The years-long fall in oil and gas production will soon come to a very welcome halt, according to remarks made by Oil Minister Karim Badawi in a ministry statement. Thanks to increased efforts to raise field productivity, gas and oil production will stabilize in the next two months, he said. Badawi did not elaborate on whether he meant that both the oil and gas sectors will halt production declines, or if they will collectively put an end to the fall in total energy production.

Halting the decline is just step one, with the ministry setting its sights on soon ramping up production. Egypt is working to not just cut down its energy import bill, but become a regional energy exporting powerhouse under a plan detailed in a government document seen by EnterpriseAM that we covered last week in our Hardhat deep dive. While our energy import bill is expected to reach a burdensome USD 10 bn for the next fiscal year, the state thinks it can reverse its energy trade fortunes and bring in USD 5 bn in energy exports by the end of the decade. This would raise the sector’s contribution to GDP to 8.0% by 2030, up from 5.8%.

IN CONTEXT- Badawi’s comments come as Egypt faces a widening gas supply gap heading into peak summer demand. Egypt reportedly aims to import 155-160 shipments of LNG in 2025 to close the gap between demand and supply. Egypt needs around 6.2 bn cubic feet per day (bcf/d), but domestic production only contributes roughly 4.4 bcf/d.

Fresh projects, in addition to improving productivity, are part of the plan, with the Oil Ministry finalizing 15 upstream agreements worth USD 618.5 mn, on top of 12 already signed this fiscal year totaling USD 631 mn, Badawi was quoted as saying by Al Mal. The 27 agreements cover the drilling of 123 wells and are expected to add some 41k barrels of crude oil per day and 1.4 bcf/d.

But until then, we’re going to need shipments of LNG to fill the gap — and regasification units to process them. The government is mulling another floating storage and regasification unit to ease pressure on the grid ahead of peak summer demand, hoping to secure enough gas to avoid a return to rolling blackouts, unnamed sources told Bloomberg.

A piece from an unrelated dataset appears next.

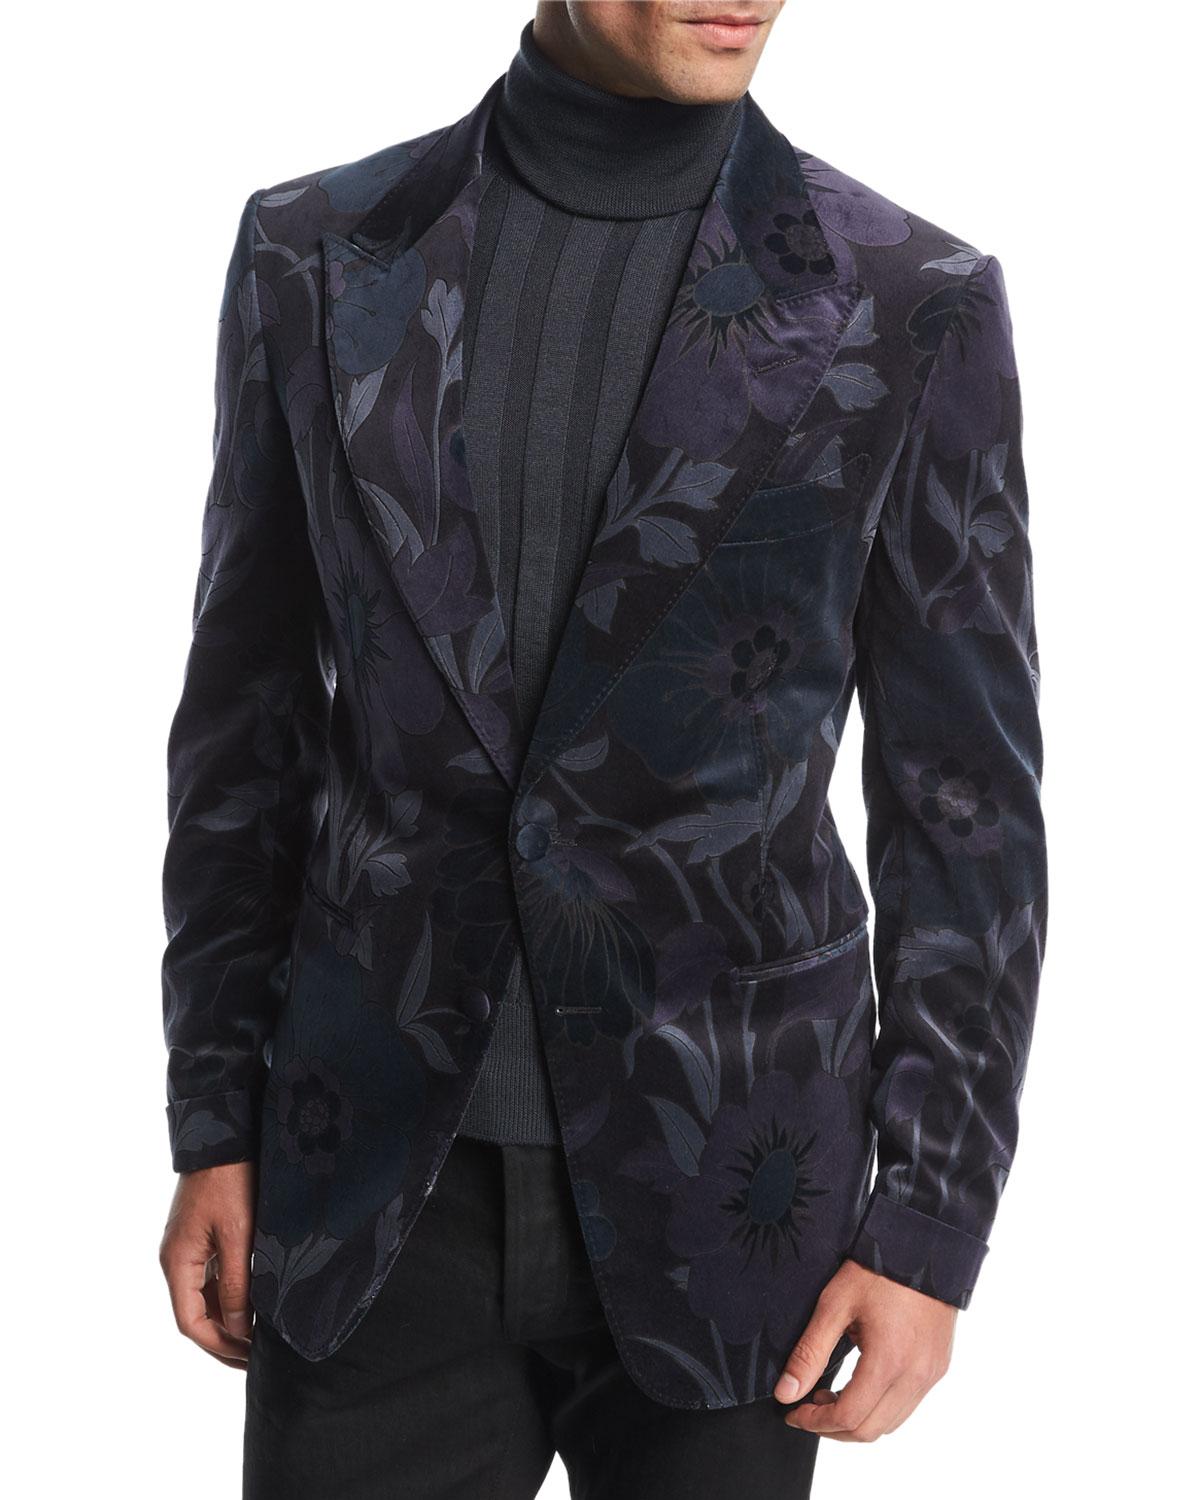 Tom Ford Shelton Base Floral Velvet Dinner Jacket in Blue for Men - Lyst

This would bring the number of regasification vessels helping Egypt throughout the summer months to five, alongside the recently arrived Energos Power and the already docked Hoegh Galleon in Ain Sokhna, which will soon be joined by the Energos Eskimo that’s currently in Jordan’s Aqaba and a floating storage regasification unit from Turkish state-owned energy firm BOTAS.